Some stuff (like content type, server name and page (item) path) sent as unicode. Post data sent as Ascii. Any other mix fails both on my localhost and with online servers.

Header comes back as unicode (but actually, may have been UTF8 - only parts were garbled). Actual page arrived as plain old Ascii.

I can try using #PB_UTF8 flag with the PeekS/PokeS stuff, but that still has the fiddling around. And as you say, ASCII will work. Also, as you pointed out, it seems that headers are unicode, whilst data (in) and page (back) are not. Haven't tried with a plain old GET yet.

If what I am doing is safe, then I am happy enough with it. I just want to be sure it is safe and not just a happenstance that it is working. :)

If you can help, much appreciated. If you can't, I still appreciate the effort and interest you showed. Thanks! :)

Posted: Mon May 29, 2006 1:31 pm
by lexvictory
ok, will look at code 2morrow.

as i understand it, all header/request data should be in UTF-8, while the page sent can be in any encoding.

ie:
"GET / HTTP/1.1<crlf>
Host: somehost.com<crlf><crlf>" <-- should be in UTF8 (and escaped - ' ' changed to '%20')

"HTTP/1.1 OK<crlf>
Content-type: <content type><crlf>
<other headers><crlf><crlf>" <-- should be in UTF-8
"<page content>" <-- can be in ANY encoding.

although i'm not sure if you need to change anything into utf8 when using the Internet*_() functions, will look at this too.

btw: unicode is F*****G complicated, AND confusing.... :lol: :shock: :?

Posted: Mon May 29, 2006 2:00 pm
by Thalius
Hihi Dare2 =)
All you need to worry about so far is the URL Encoding.

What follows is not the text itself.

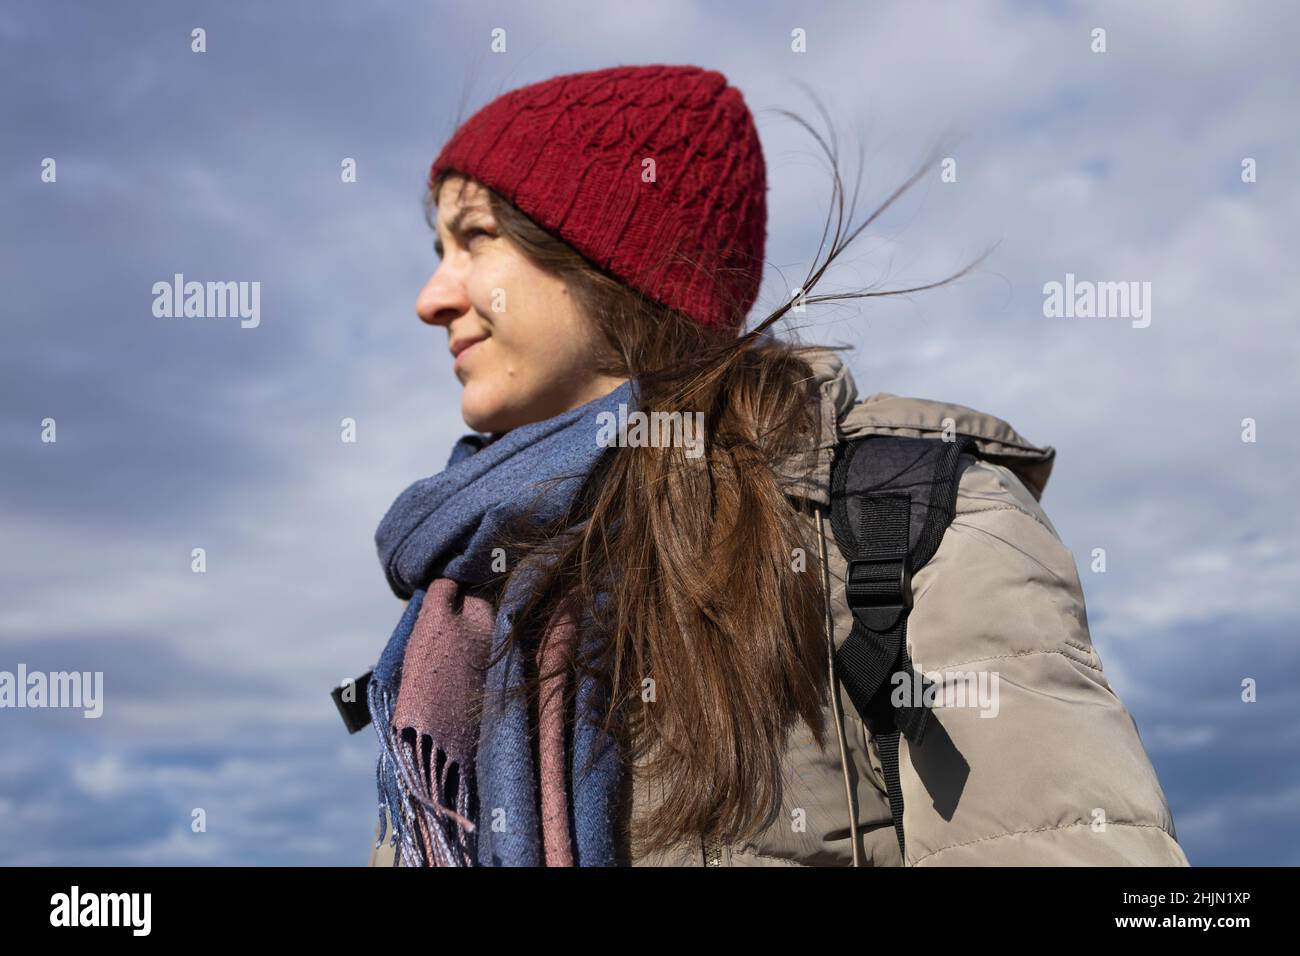 A woman with beautiful natural hair standing in the wind Stock Photo

To finish the URL-encoding of the data, perform the following two steps:

1. Change all " " (spaces) in the string to + (plus signs)
2. If you have any funky characters (defined below) in the names or values, replace them with %xx, where xx is the ASCII code of that funky character, in HEX. Do NOT replace the & and = signs that separate the name-value pairs.
Funky characters are &, =, +, %, and ?. Replace them with %26, %3D, %2B, %25, and %3F respectively. If any other characters might give you trouble, escape them in the same way-- there is no danger from escaping too many characters.

Anotehr Caution:
The HTTP protocol does not place any a priori limit on the length of a URI. Servers MUST be able to handle the URI of any resource they serve, and SHOULD be able to handle URIs of unbounded length if they provide GET-based forms that could generate such URIs. A server SHOULD return 414 (Request-URI Too Long) status if a URI is longer than the server can handle (see section 10.4.15).

Note: Servers ought to be cautious about depending on URI lengths
above 255 bytes, because some older client or proxy
implementations might not properly support these lengths.


RFC *snip*
RFC 1738 Uniform Resource Locators (URL) December 1994


alpha = lowalpha | hialpha
digit = "0" | "1" | "2" | "3" | "4" | "5" | "6" | "7" |
"8" | "9"
safe = "$" | "-" | "_" | "." | "+"
extra = "!" | "*" | "'" | "(" | ")" | ","
national = "{" | "}" | "|" | "\" | "^" | "~" | "[" | "]" | "`"
punctuation = "<" | ">" | "#" | "%" | <">


reserved = ";" | "/" | "?" | ":" | "@" | "&" | "="
hex = digit | "A" | "B" | "C" | "D" | "E" | "F" |
"a" | "b" | "c" | "d" | "e" | "f"
escape = "%" hex hex

unreserved = alpha | digit | safe | extra
uchar = unreserved | escape
xchar = unreserved | reserved | escape
digits = 1*digit
Greets, Thalius

Posted: Mon May 29, 2006 2:34 pm
by Dare
Hi lexvictory,

Thanks, but don't go overboard and waste your time with this, please. It will give me a guilt trip. :)

And yes, extremely complicated and confusing is right. Thank goodness Pure Four does most of the work! :D


Hi Thalius,

Thanks for the tip. Actually I have an encoding subroutine which does the % escape thing but I only every used it with query strings - sometimes. With IIS (or perhaps it with Internet*_ stuff?) you can get away with it if you don't use it, it seems?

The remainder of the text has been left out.